**RAW DATA:**
---

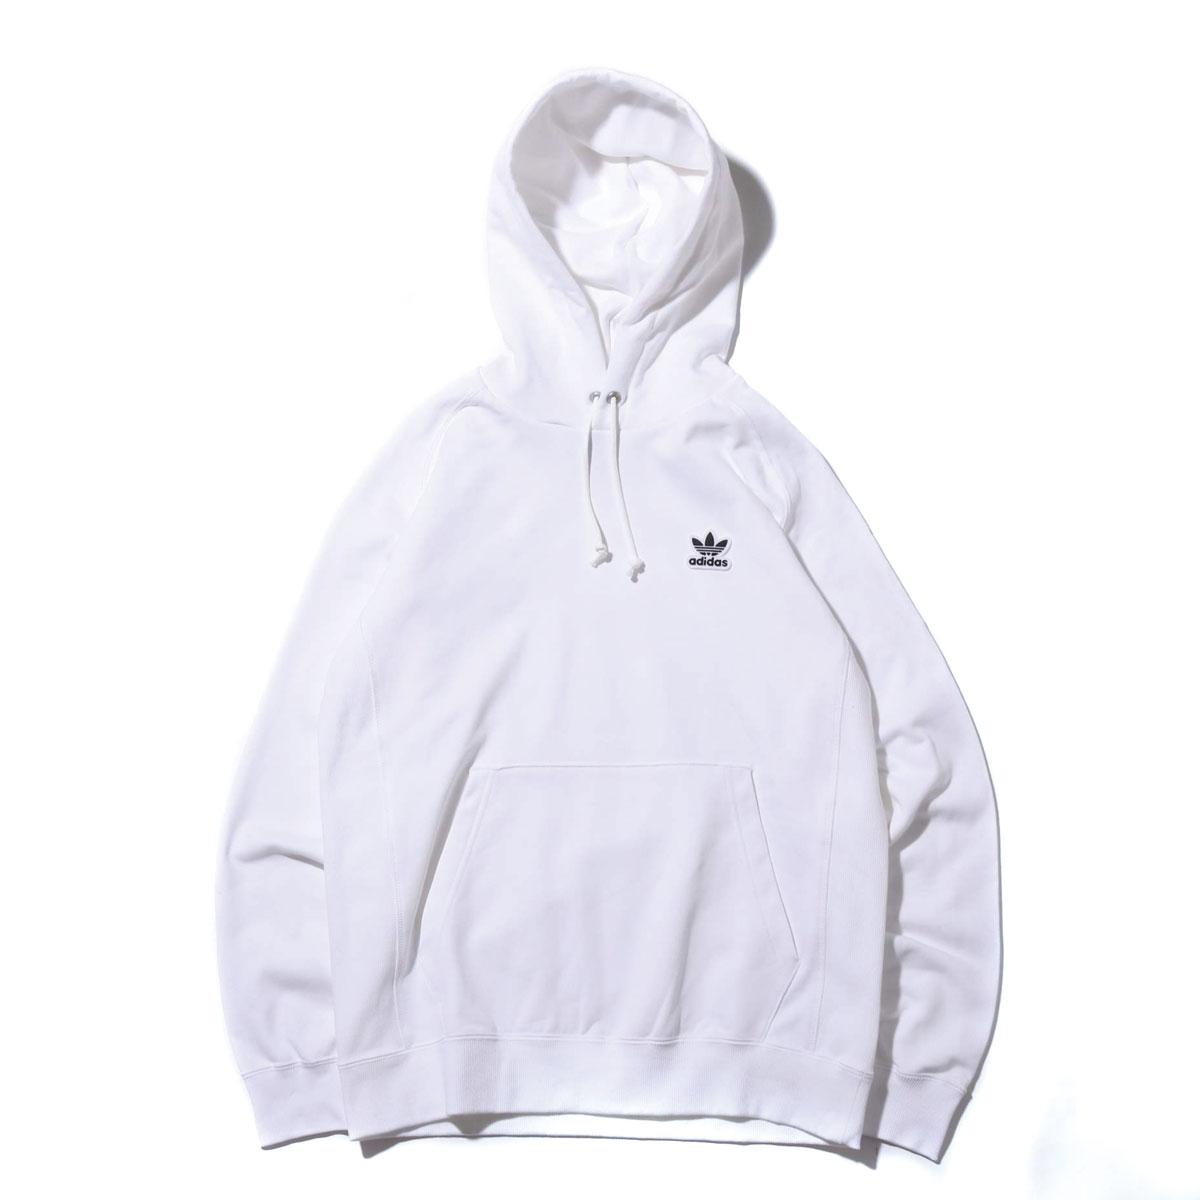 adidas Originals AC WAPPEN HOODIE(アディダスオリジナルス AC ワッペン フーディー)WHITE【メンズ パーカー】19SS-I
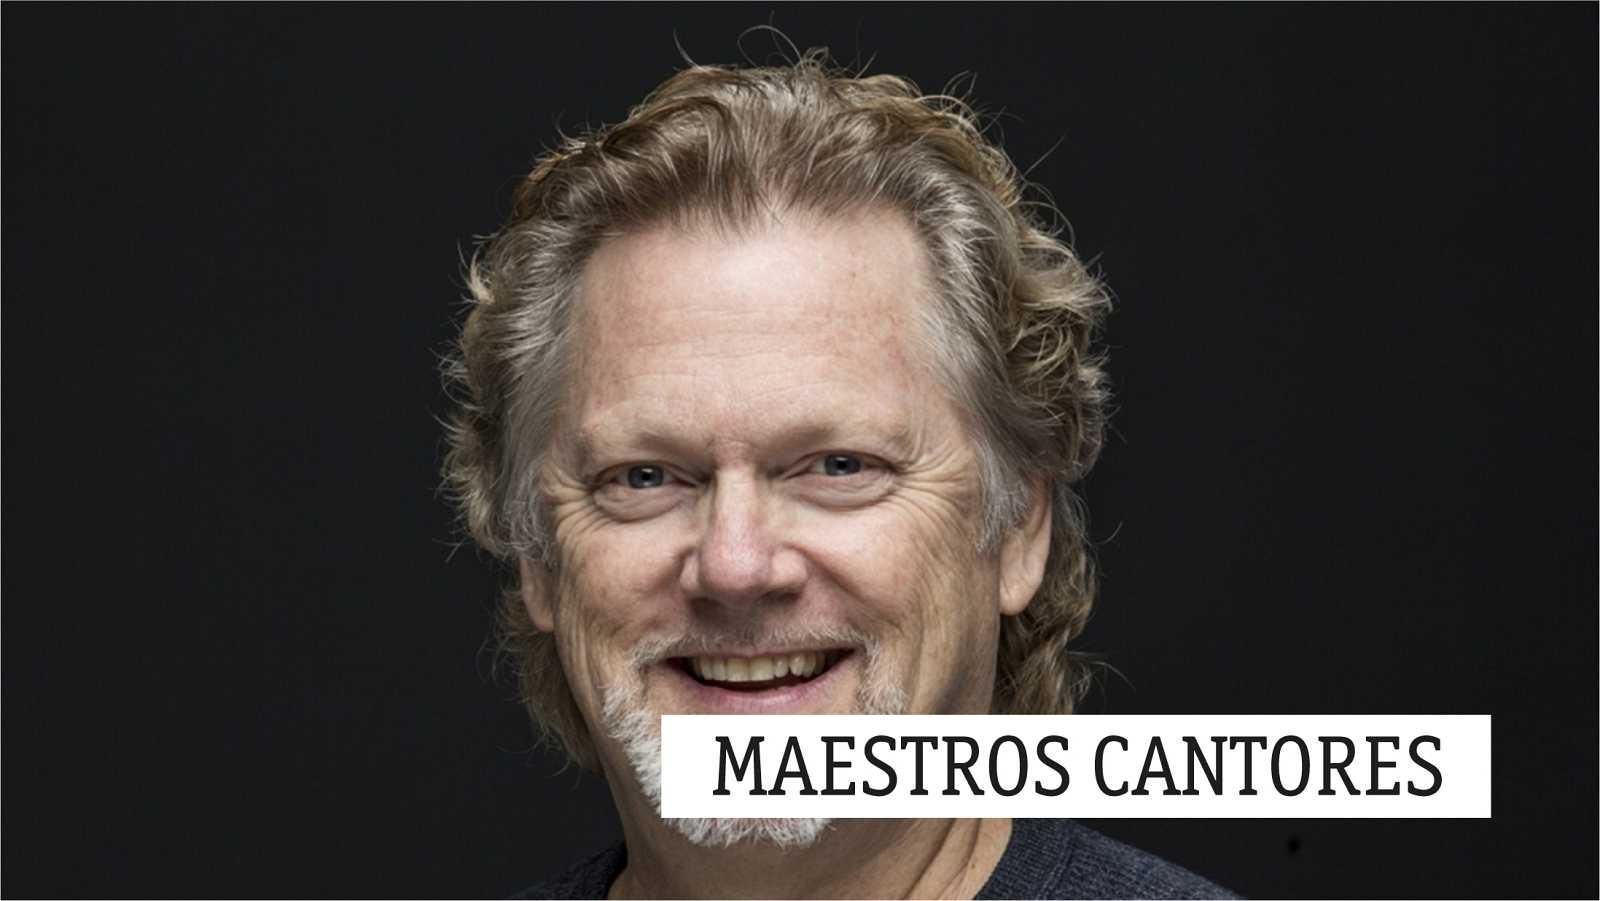 Maestros cantores - 23/11/19 - escuchar ahora
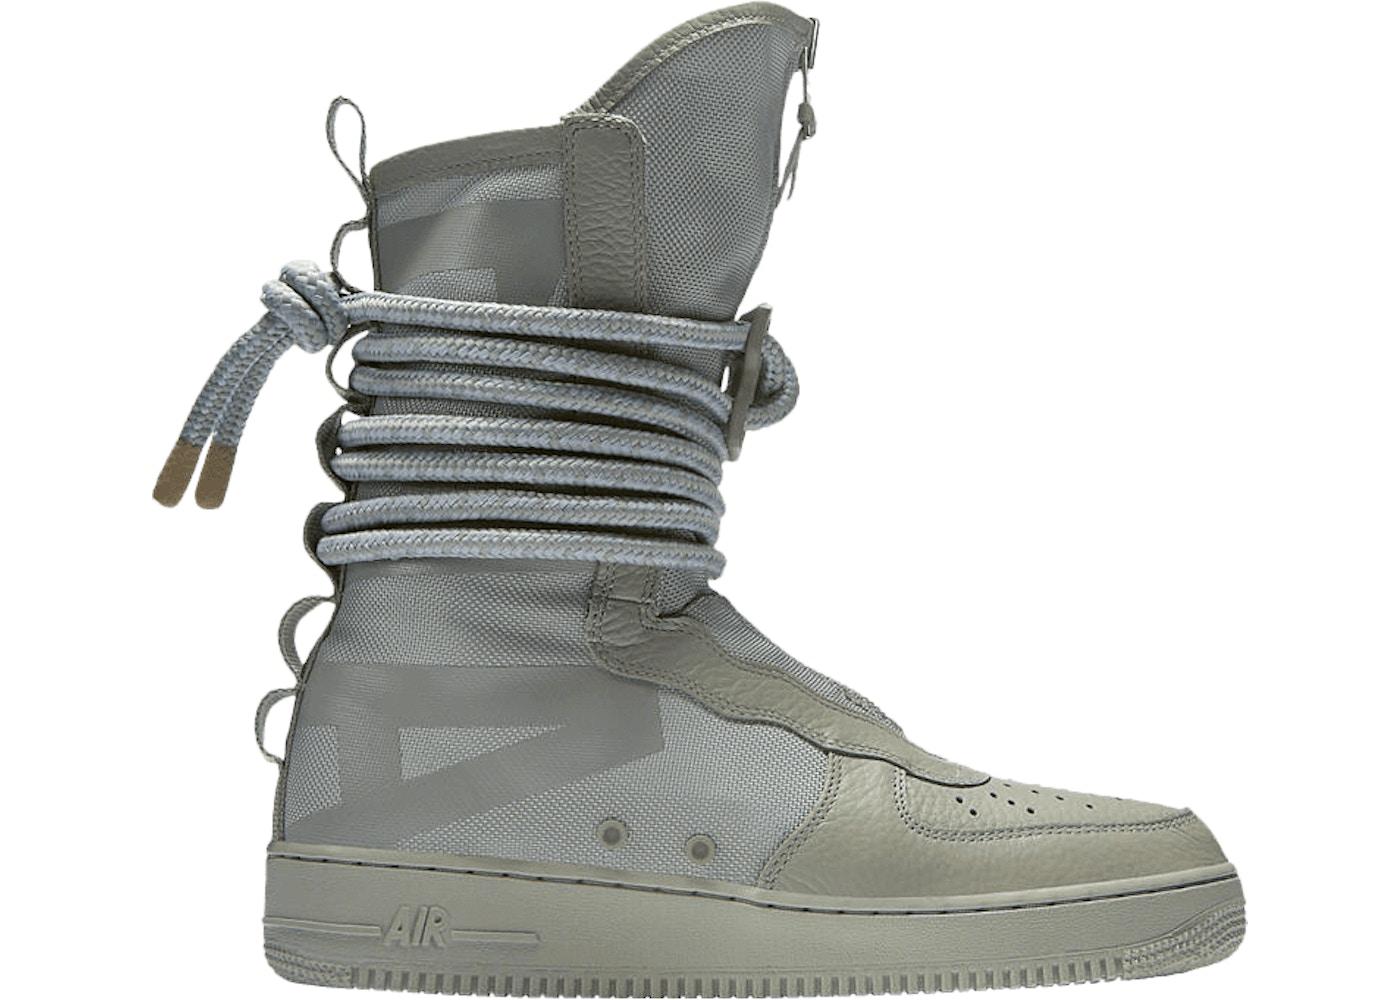 nike air force 1 sf high
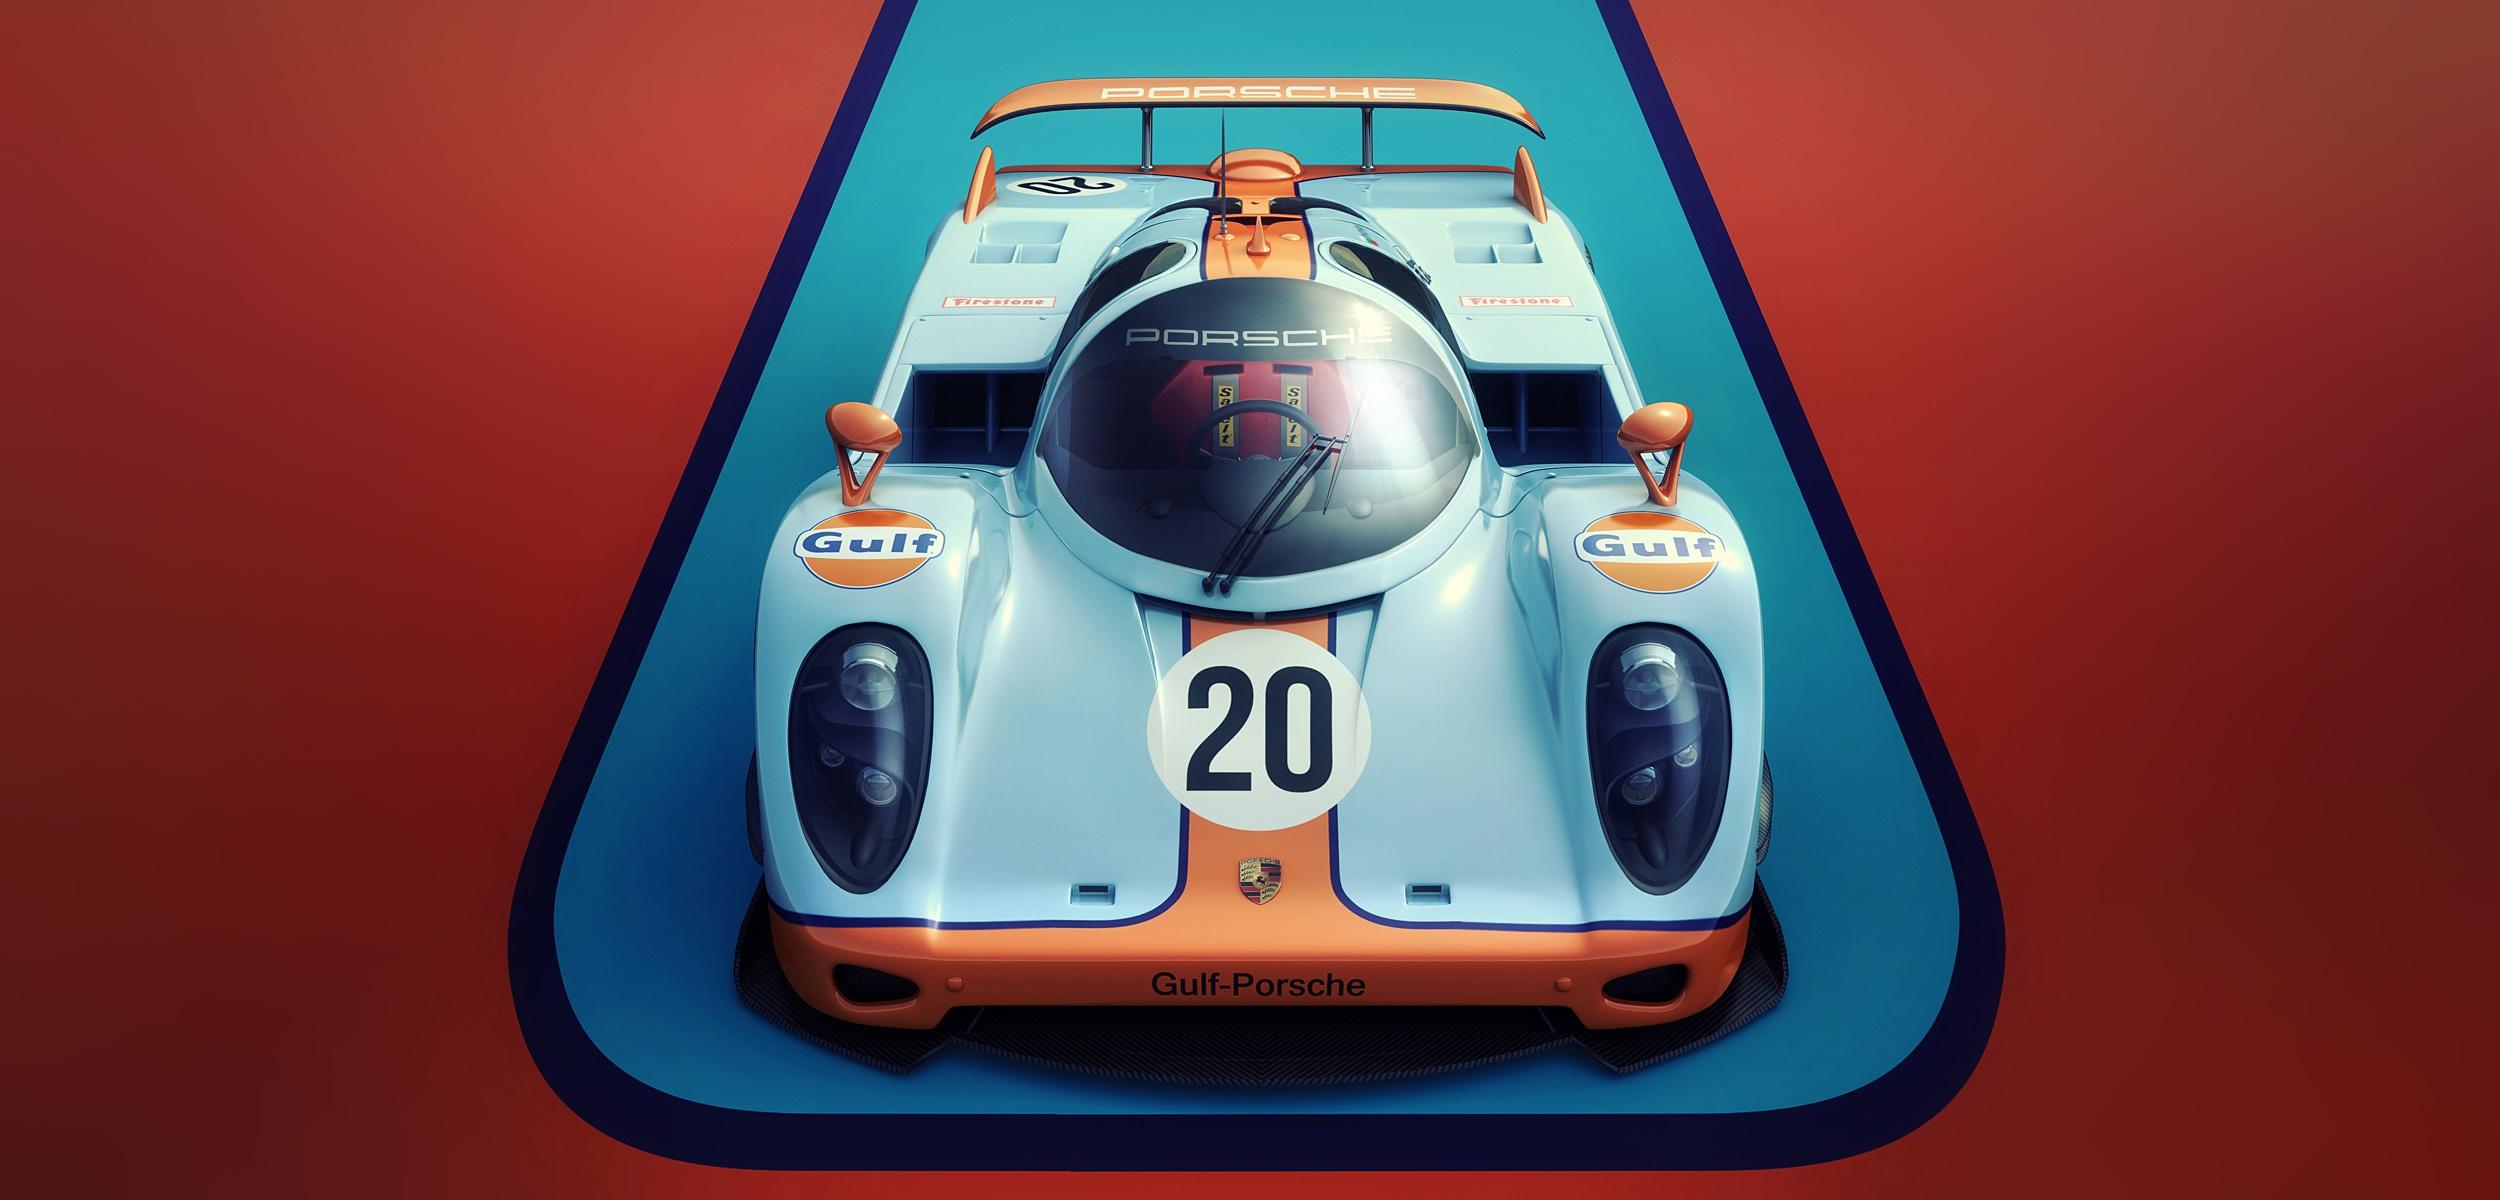 General 2500x1200 car vehicle artwork Porsche 917 Porsche

---

**EXERCISE:** Write out every line above again exactly, with the pictures left out.

**ANSWER BELOW:**
 adidas Originals AC WAPPEN HOODIE(アディダスオリジナルス AC ワッペン フーディー)WHITE【メンズ パーカー】19SS-I
 Maestros cantores - 23/11/19 - escuchar ahora
 nike air force 1 sf high
 General 2500x1200 car vehicle artwork Porsche 917 Porsche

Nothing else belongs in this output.